Tramite Kipapa, ho scoperto questo post: scritto da un gay.

Mi ha incuriosito, per via del titolo: “Al Gay Pride con Alemanno”.

Vi consiglio di leggerlo. E questo suggerimento lo rivolgo soprattutto a quei fessacchiotti che attaccano – senza un motivo e a priori – Alemanno. Imputandogli qualunque cosa. Innanzitutto il fatto di un essere un fascista.

Poco importa, poi, che lo stesso Alemanno abbia recentemente dichiarato: “Non sono fascista, ex fascista o postfascista“, “Non mi sono mai definito fascista, persino quando ero giovane“.
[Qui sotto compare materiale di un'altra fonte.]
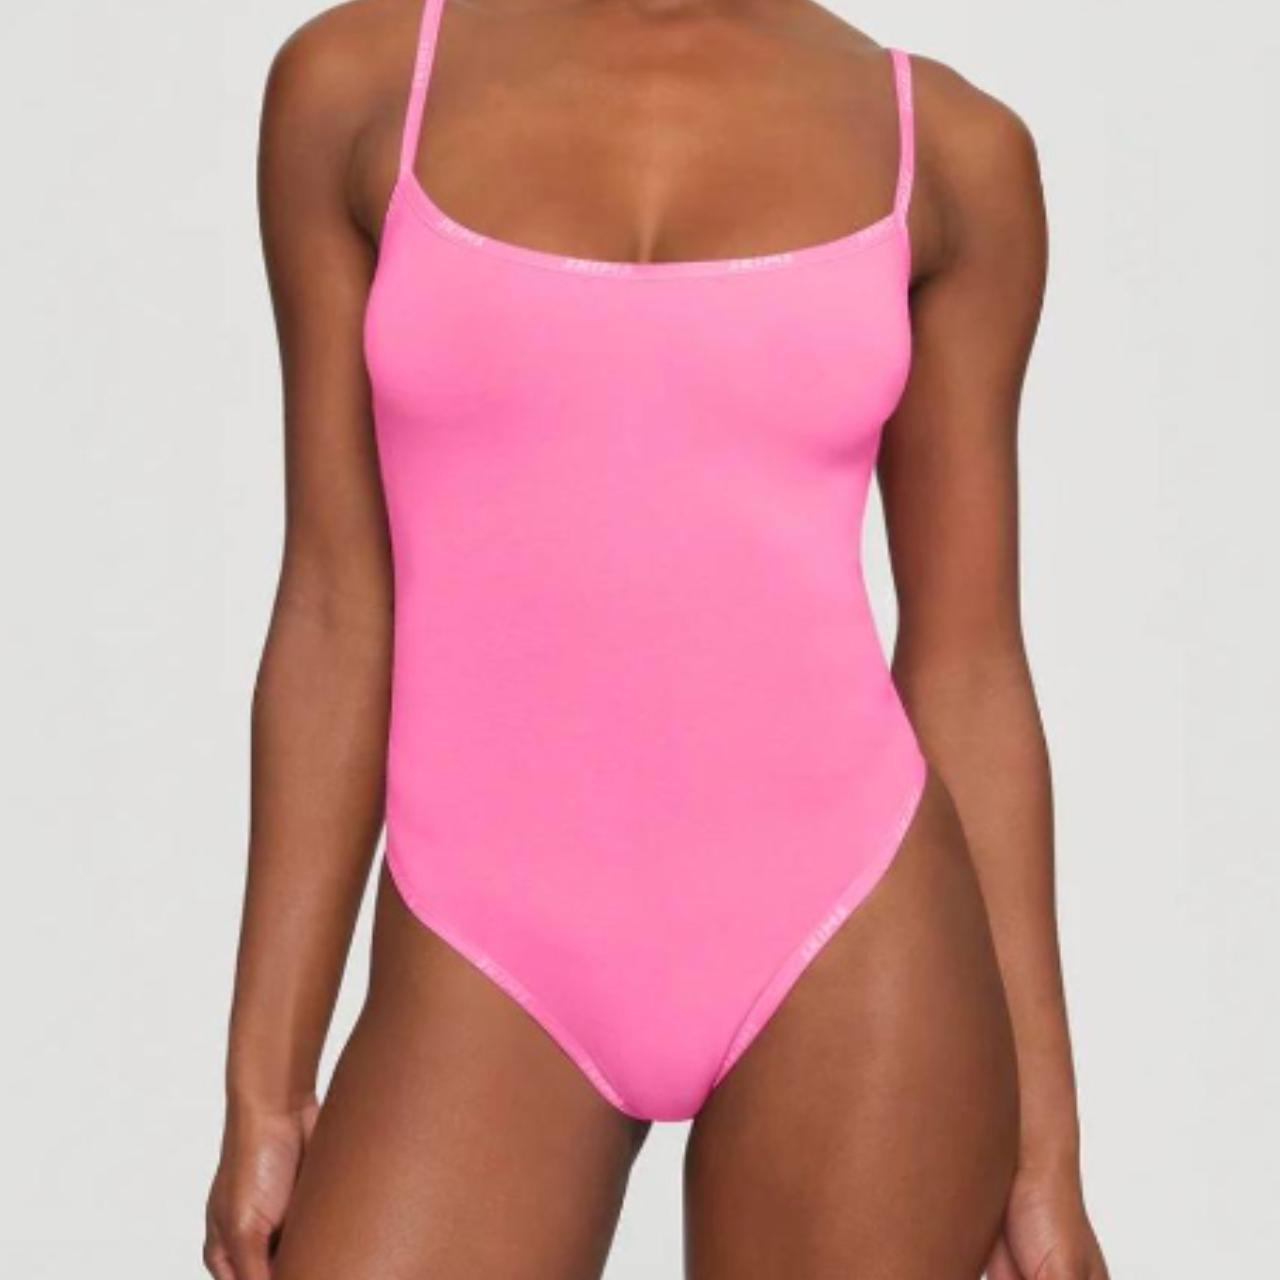 Skims Women's Pink Bodysuit -perfect condition, worn - Depop

I comunisti lo attaccano, e senza un perché. Le persone intelligenti – gay in primis – lo ascoltano, senza “discriminarlo”. E magari lo apprezzano anche:

“Alla fine sembrerebbe quasi che abbia fatto più Alemanno in un paio di settimane che Rutelli e Veltroni in 15, e sicuramente più di quanto avesse promesso durante la campagna elettorale lo stesso Rutelli che si voleva ergere a paladino dei diritti GLBT”.

P.S.: ricordo a tutti che Alemanno è stato votato anche dagli elettori di Rifondazione comunista.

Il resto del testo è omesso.